IF 6.1 2区 医学 Q1 PEDIATRICS Pub Date : 2024-09-01 Epub Date: 2024-07-15 DOI: 10.1007/s12519-024-00828-9
Soeun Kim, Jaeyu Park, Hyeri Lee, Hayeon Lee, Selin Woo, Rosie Kwon, Sunyoung Kim, Ai Koyanagi, Lee Smith, Masoud Rahmati, Guillaume Fond, Laurent Boyer, Jiseung Kang, Jun Hyuk Lee, Jiyeon Oh, Dong Keon Yon

Background: Suicide is the second leading cause of death in young people worldwide and is responsible for about 52,000 deaths annually in children and adolescents aged 5-19 years. Familial, social, psychological, and behavioral factors play important roles in suicide risk. As traumatic events such as the COVID-19 pandemic may contribute to suicidal behaviors in young people, there is a need to understand the current status of suicide in adolescents, including its epidemiology, associated factors, the influence of the pandemic, and management initiatives.

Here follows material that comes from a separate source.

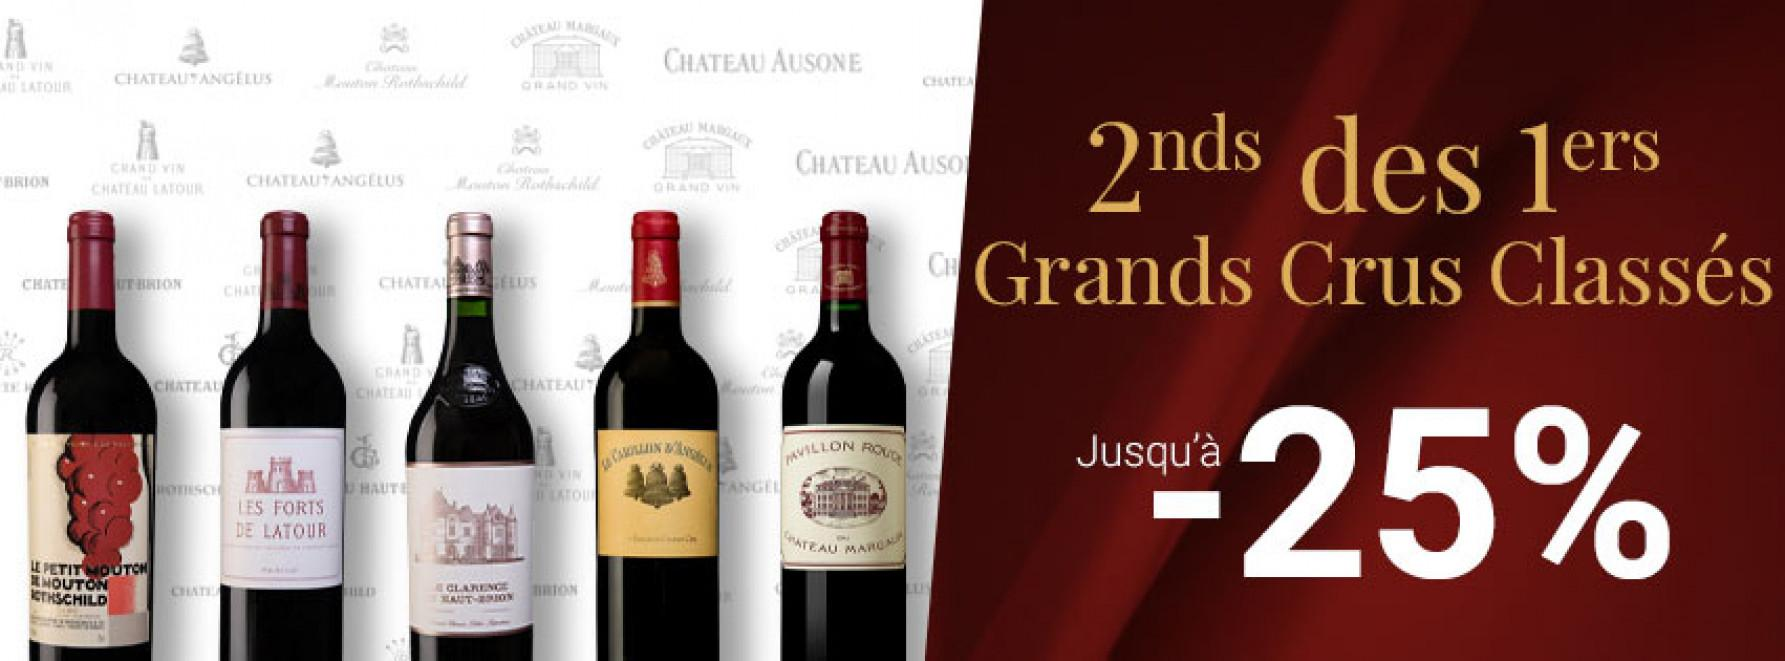 2nds vins des 1ers Grands Crus Classés

Data sources: We investigated global and regional suicide mortality rates among children and adolescents aged 5-19 years using data from the Global Burden of Diseases, Injuries, and Risk Factors Study (GBD) 2019. The suicide mortality rates from 1990 to 2019 were examined in 204 countries and territories across six World Health Organization (WHO) regions. Additionally, we utilized electronic databases, including PubMed/MEDLINE and Scopus, and employed various combinations of terms such as "suicide", "adolescents", "youth", "children", "risk factors", "COVID-19 pandemic", "prevention", and "intervention" to provide a narrative review on suicide within the pediatric population in the post-pandemic era.

Results: Despite the decreasing trend in the global suicide mortality rate from 1990 to 2019, it remains high. The mortality rates from suicide by firearms or any other specified means were both greater in males. Additionally, Southeast Asia had the highest suicide rate among the six WHO regions. The COVID-19 pandemic seems to contribute to suicide risk in young people; thus, there is still a strong need to revisit appropriate management for suicidal children and adolescents during the pandemic.

Conclusions: The current narrative review integrates up-to-date knowledge on suicide epidemiology and the effects of the COVID-19 pandemic, risk factors, and intervention strategies. Although numerous studies have characterized trends in suicide among young people during the pre-pandemic era, further studies are required to investigate suicide during the pandemic and new strategies for suicide prevention in the post-pandemic era. It is necessary to identify effective prevention strategies targeting young people, particularly those at high risk, and successful treatment for individuals already manifesting suicidal behaviors. Care for suicidal children and adolescents should be improved with parental, school, community, and clinical involvement.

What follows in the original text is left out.